Airborne wind energy (AWE) is an emerging and potentially disruptive technology that aims at converting wind energy by flying crosswind patterns with a tethered flying device (See Figure 1). It has the potential to increase the wind energy yield by capturing wind energy at locations and heights unreachable for conventional horizontal-axis wind turbines. This technology can thus have a strong impact on the transition to a sustainable energy system by generating more green electricity, with higher availability and at a lower cost, which is some of the main limitations today.
Figure 1: Two phases of a ground generation AWE system. [source: Airborne Wind Energy Systems: A review of the technologies. Cherubini A. et al.]
An AWE aircraft performs a highly dynamic flight maneuver (in case of a figure-8 pattern) when compared to conventional aircraft. The transition between pumping and reel-in mode is additionally highly dynamic. Simulation of these AWE systems requires accurate dynamic models for all systems involved; these include the ground station, tether (connecting cable), and the aircraft. In the current state-of-the-art modeling, the tether is modeled either by assuming it to be straight or by multiple particle systems given by point masses and spring-damper elements. However, these models do not consider important effects such as unsteady aerodynamics. Nevertheless, due to its long length, the tether is found to have a significant effect on the performance and behavior of an AWE system.
Figure 2: Clear picture of all components involved: ground station, tether, aircraft [Source: Ampyx Power B.V.]

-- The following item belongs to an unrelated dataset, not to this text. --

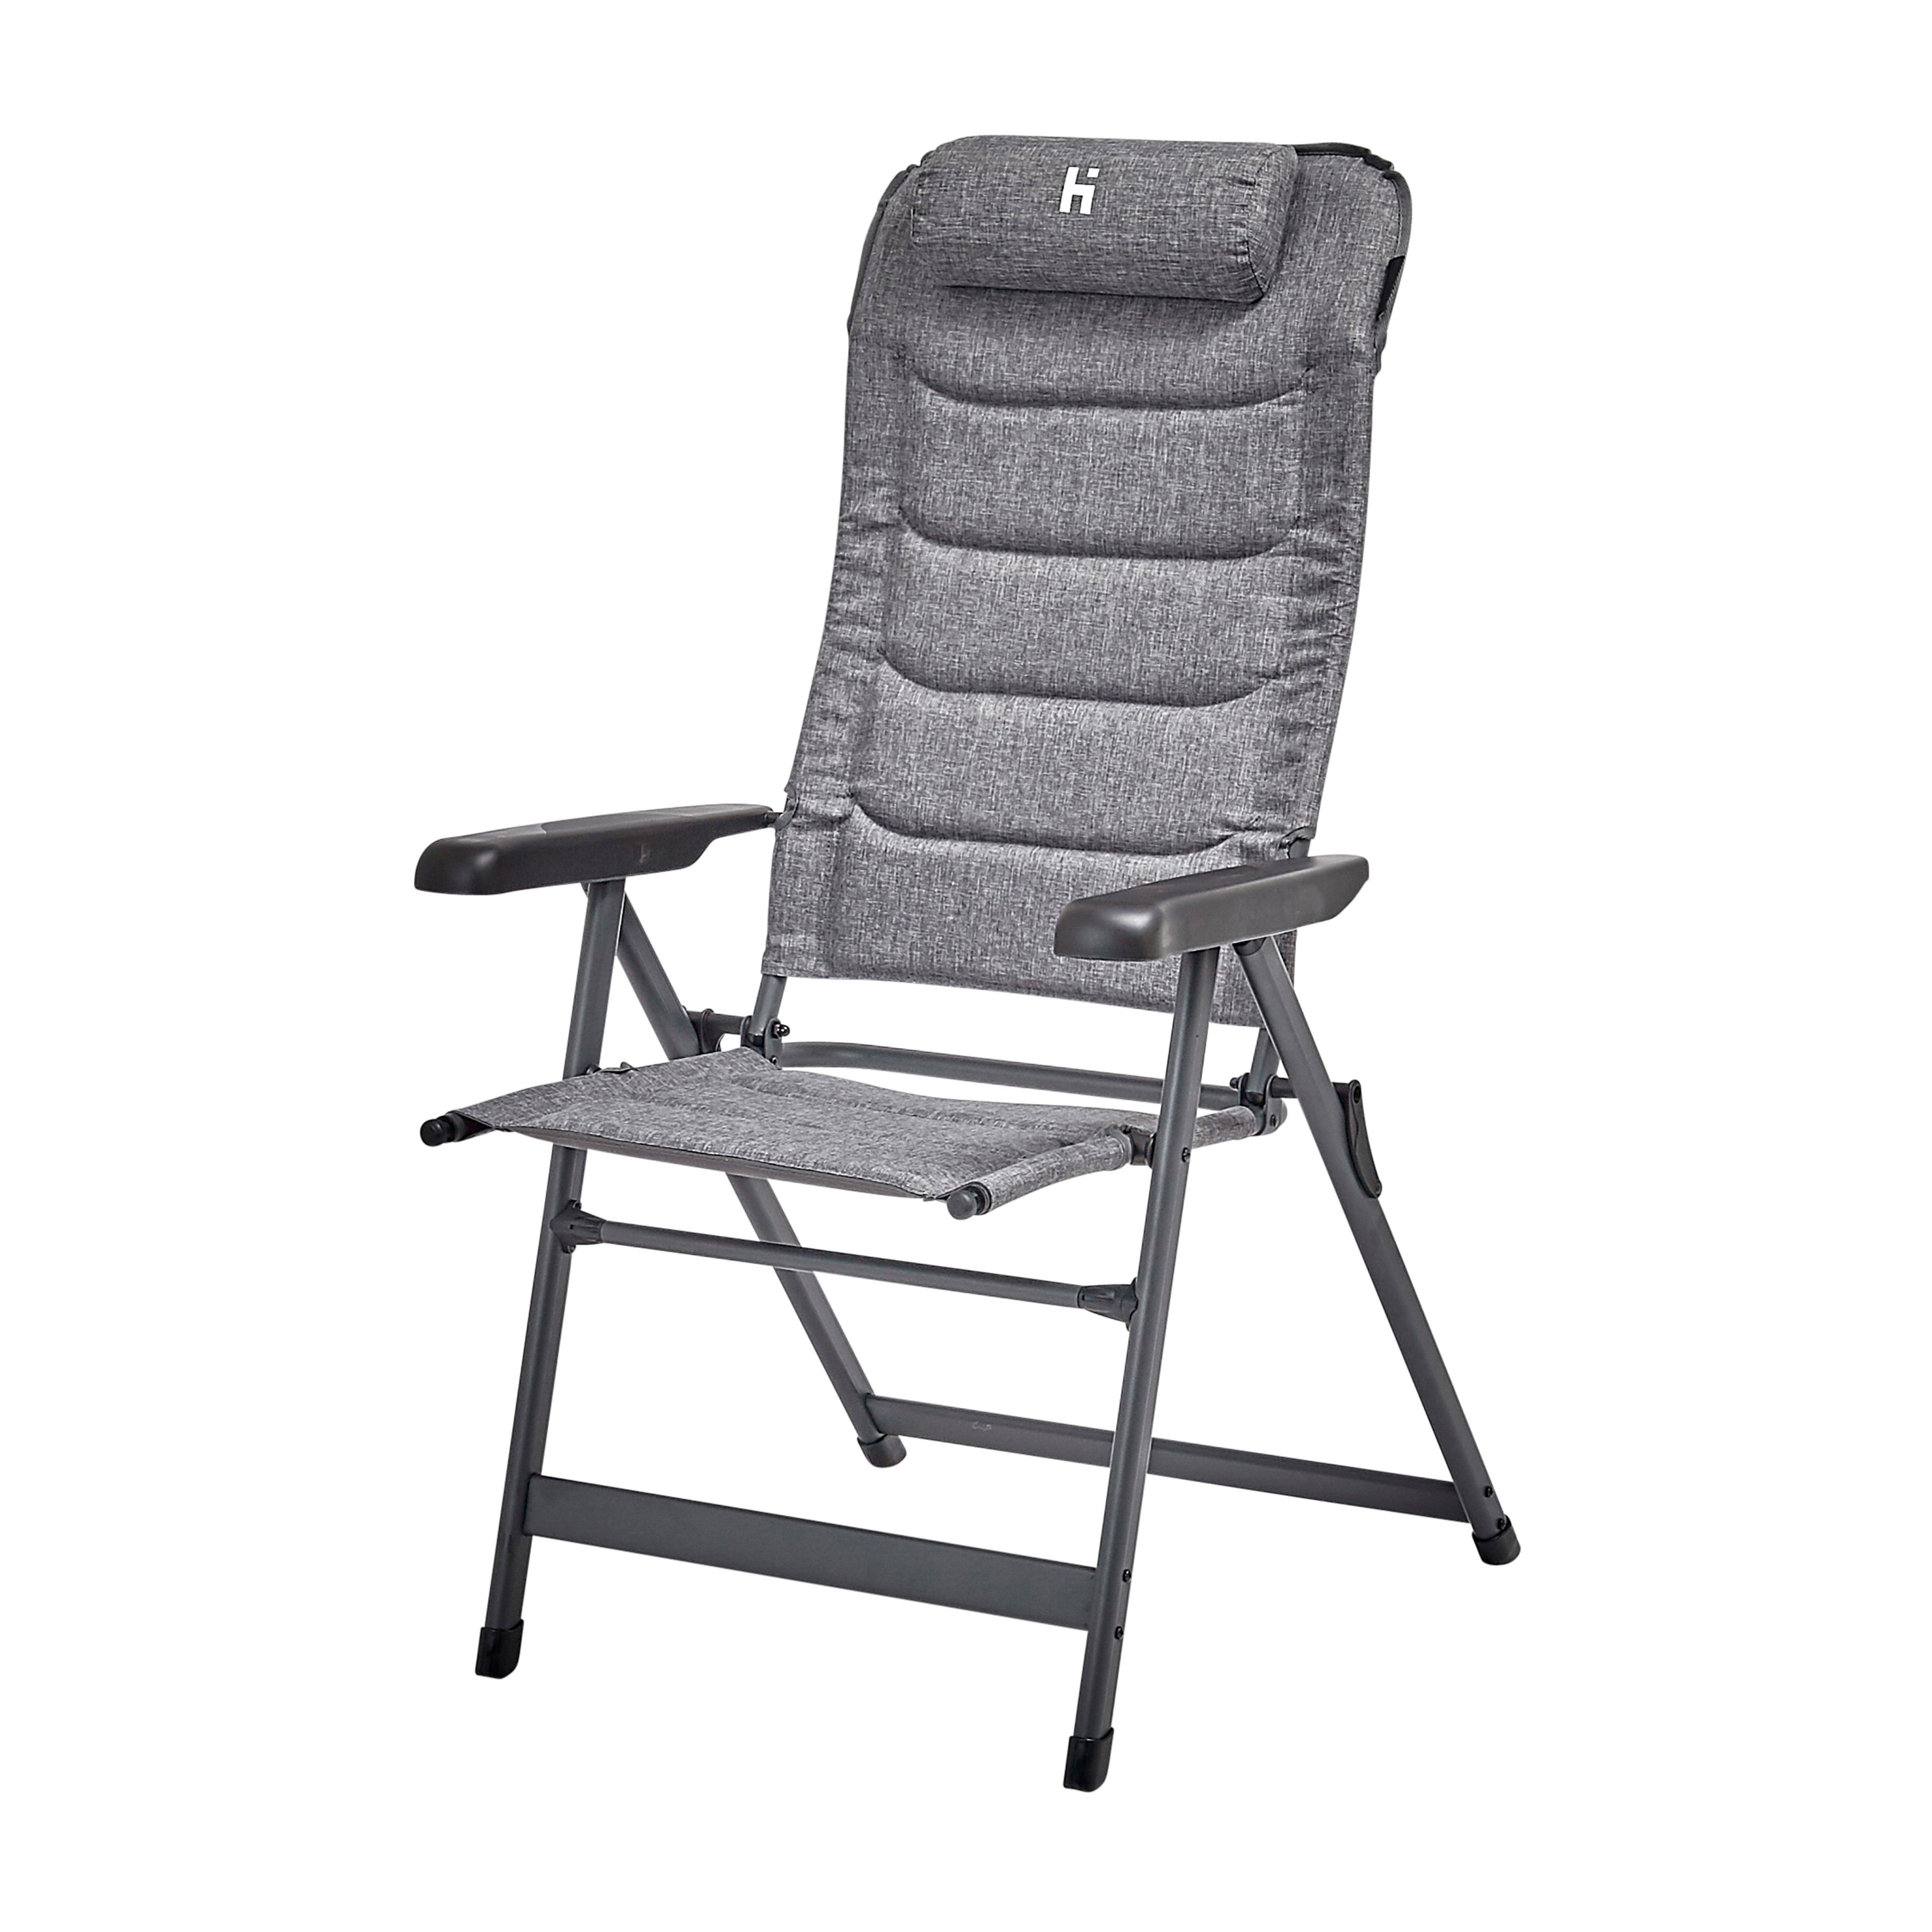 Hi-gear Turin Recliner Chair - Grey/gry  Grey/gry

In previous research, the tether dynamics have been investigated using a wall-resolved approach with the Chimera technique. However, due to the dimensions of the system (a tether is several hundreds of meters long and has a diameter in the order of only centimeters), such simulations are typically rather expensive. Therefore, a new approach will be investigated where the tether is no longer explicitly present in the flow domain. Instead of resolving the flow close to the wall, the forces that the tether exerts on the flow are introduced as source terms in the momentum equation. As such, the tether is no longer present as a physical object in the flow, eliminating the need for a fine mesh close to wall boundaries, effectively reducing the computational cost of such simulations.
Goal of this (challenging) thesis is to develop an actuator line method in the flow solver ANSYS Fluent that allows to model the tether as a distributed force in the flow domain. The forces are inferred from the relative air velocity at the tether location (represented by its center line) and tabulated force coefficients, i.e. lift and drag coefficients of a smooth cylinder for different Reynolds numbers and flow directions.
In a first step, only the flow side will be considered: the tether could then remain at a fixed location in the domain. In a second step, a pre-defined motion will be applied to the structure. Both steps will be performed purely in the CFD solver ANSYS Fluent using user-defined functions (UDF's) to add source terms to the momentum equations. These steps alone are already highly challenging and will definitely help ongoing research in the team concerning tether modeling but also other research domains, such as the modeling of a yarn insertion in air jet weaving machines.
If these steps prove successful, the research could be extended towards coupling this flow model to a simple 1D structural model using beam elements. The in-house coupling tool CoCoNuT currently does not yet support the coupling of 1D problems, therefore this extension will be performed in collaboration with the counsellors.